Bapak Menteri Perdagangan yang terhormat, bolehkah saya curhat? Boleh dong, masa rakyat curhat aja dilarang?
Pak Rachmat Gobel, yang dipuja wartawati-wartawati ekonomi sungguh saya galau mendengar wacana Bapak menghentikan impor jeroan. Sebagai penikmat tradisi kuliner Nusantara, saya jadi meragukan kemampuan lidah Bapak dalam menyicipi lezatnya citarasa masakan ibu saya khas Indonesia. Jangan sampai hal ini mendowngrade penilaian saya pada keharuman wajah nama Bapak yang sering diceritakan gadis inceran saya yang semangat menulis berita soal Bapak.
Tapi tenang, saya tidak akan sampai hati memberi rapor merah seperti yang dilakukan para pakar dan pemerhati kinerja khilafah pemerintah. Sebab saya gak mau dibenci sama wartawati cantik itu.
Pak Gobel, tolong pikirkan ulang deh rencana konyol itu. Kenapa saya bilang konyol? Karena alasan Bapak menghapus impor jeroan itu sangat lucu.

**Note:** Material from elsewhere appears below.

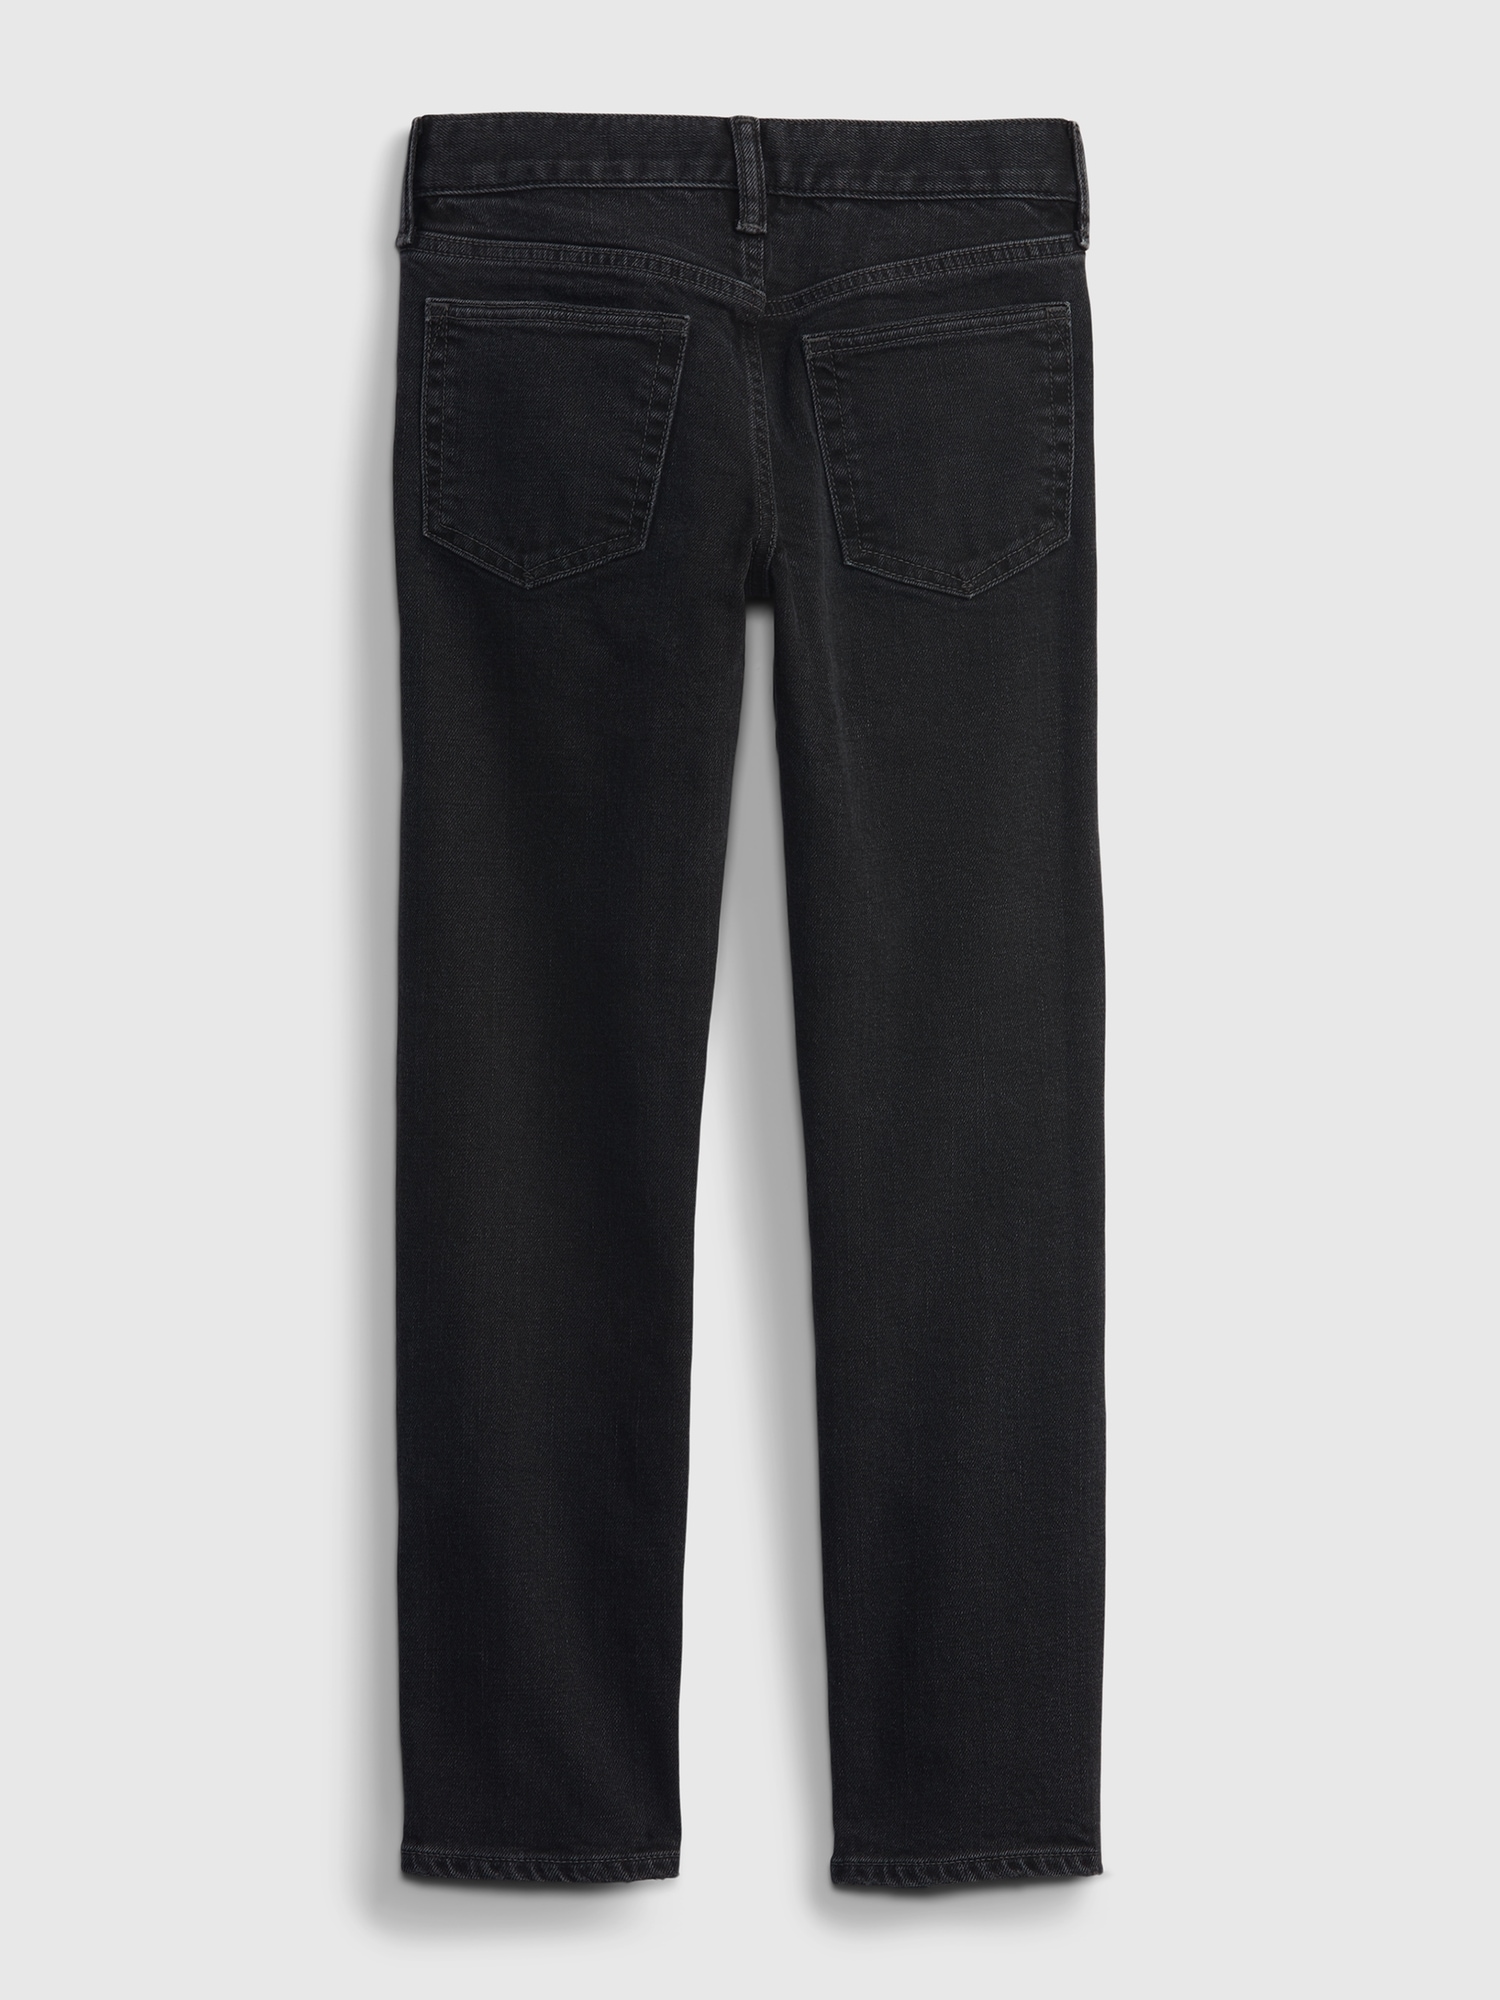 Kids Slim Jeans with Washwell | Gap

Masa, lantaran perbedaan tradisi kuliner antar bangsa? Kenapa sih harus malu pada tradisi bangsa sendiri dan menganggap negara lain lebih bergengsi? Jangan-jangan Bapak terprovokasi para pengusaha daging giling kemasan dan daging kaleng yang pernah diiklankan pejabat daerah itu?
Setelah disuguhi wedang jahe bergelas-gelas oleh pedagang angkringan, terus-terang, saya merasa terusik dengan rencana itu. Mungkin Bapak perlu sering-sering sidak ke tempat hiburan pasar malam, nongkrong berjam-jam sambil makan nasi kucing Jogja, nyicipin bubur ayam Cirebon, Garut, atau Sukabumi.
Ribuan bahkan puluhan ribu pedagang nasi kucing dan bubur dari empat daerah itu mengandalkan jeroan untuk mengalirkan pundi-pundi receh ke laci gerobak mereka. Jeroan bahkan bisa melahirkan efek multiplier. Para pedagang, yang membuka lapak di pasar atau tanah negara, tentu membayar retribusi buat pemerintah.
Kalaupun tidak, pasti ada aparat pemerintah yang bertindak sebagai makelar yang meminta jatah keamanan dan sejenisnya ke para pedagang itu. Retribusi kebersihan minimal dua ribu, keamanan dua ribu,belum lagi tagihan parkir dua ribu per pengunjung. Para pengamen juga diuntungkan dengan tingginya tingkat penikmat jeroan di Indonesia.
Gak percaya? Makanya Bapak kudu mau saya ajak kongkow, semalaman aja.
Di warung-warung angkringan itu, bisa dihitung tiap lima menit ada pengamen yang menyumbangkan lagunya kemudian minta jatah kepada para pengunjung. Dari sisi kesehatan, jeroan juga menyumbang ketahanan gizi nasional.
Bagi rakyat jelata macam saya, membeli daging rendang atau ayam dan bebek agak membosankan. Sebab menunya cuma disayur, dibakar atau digoreng. Ditambah lagi, kantong kami bisa jebol kalau tiap kali makan harus pakai menu ‘manusia-manusia’ Australia itu.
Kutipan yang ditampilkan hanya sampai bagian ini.